No caso concreto, consta dos autos que a autora realizou o saque integral do saldo existente em sua conta individual do PASEP em 11 de dezembro de 2007, oportunidade em que teve acesso direto ao valor final disponibilizado pela instituição gestora.

A partir desse momento, passou a dispor de todos os elementos necessários para avaliar eventual divergência quanto à correção monetária aplicada, à incidência de rendimentos ou à existência de supostos desfalques, sendo possível o ajuizamento da demanda correspondente.

A ação revisional, entretanto, somente foi proposta em 15 de outubro de 2024, quando já transcorrido lapso temporal significativamente superior ao prazo prescricional de dez anos previsto no art. 205 do Código Civil.

Nesse cenário, a orientação firmada no Tema 1387 conduz à conclusão de que a ciência inequívoca do alegado prejuízo deve ser fixada na data do saque integral, não sendo necessária a produção de prova adicional quando demonstrado o levantamento total do saldo existente na conta vinculada.

Admitir solução diversa implicaria esvaziar a eficácia do precedente qualificado e comprometer a segurança jurídica, permitindo a perpetuação indefinida de pretensões revisionais baseadas em fatos pretéritos já passíveis de verificação pelo titular desde o momento do recebimento dos valores.

Cumpre destacar que a decisão monocrática anteriormente proferida partiu da premissa de necessidade de dilação probatória para aferição do momento da ciência inequívoca.

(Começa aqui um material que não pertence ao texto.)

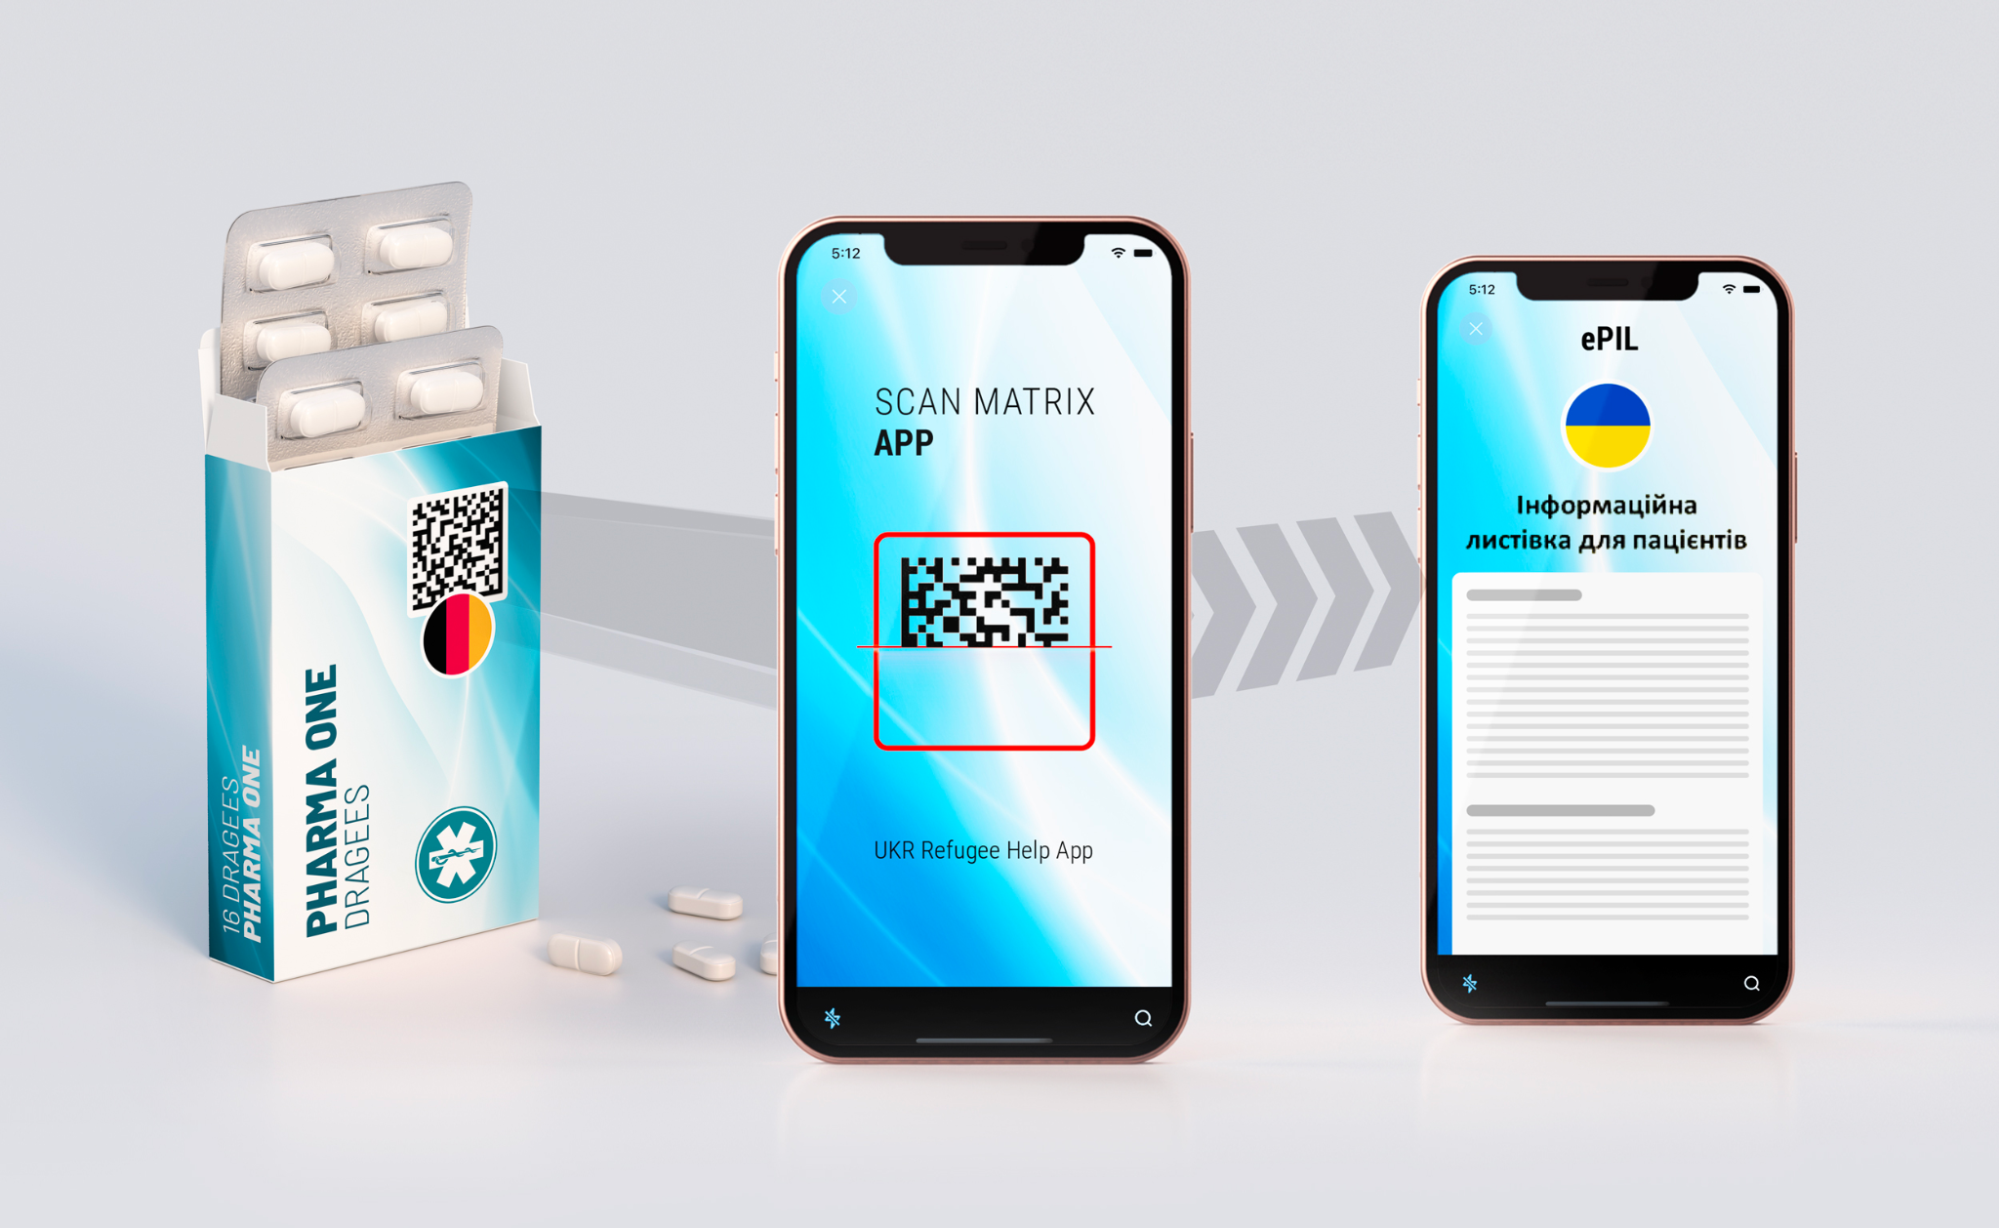 A smartphone scanning generic medication and receiving instructions in Ukrainian

Todavia, à luz da orientação mais recente firmada pelo Superior Tribunal de Justiça no Tema 1387, tal providência revela-se desnecessária quando comprovado o saque integral do saldo, circunstância que constitui marco objetivo suficiente para o início da fluência do prazo prescricional.

Desse modo, mostra-se juridicamente correta a sentença que reconheceu a prescrição da pretensão autoral, não havendo justificativa para a anulação do julgado ou para o retorno dos autos à origem para instrução processual.

Diante desse contexto, impõe-se a reforma da decisão monocrática agravada, com o restabelecimento da sentença de primeiro grau que extinguiu o processo com resolução do mérito em razão da prescrição.

DISPOSITIVO 

Ante o exposto, DOU PROVIMENTO ao Agravo Interno para reformar a decisão monocrática anteriormente proferida e restabelecer integralmente a sentença que reconheceu a prescrição da pretensão autoral.

Preclusas as vias impugnativas, dê-se baixa na distribuição.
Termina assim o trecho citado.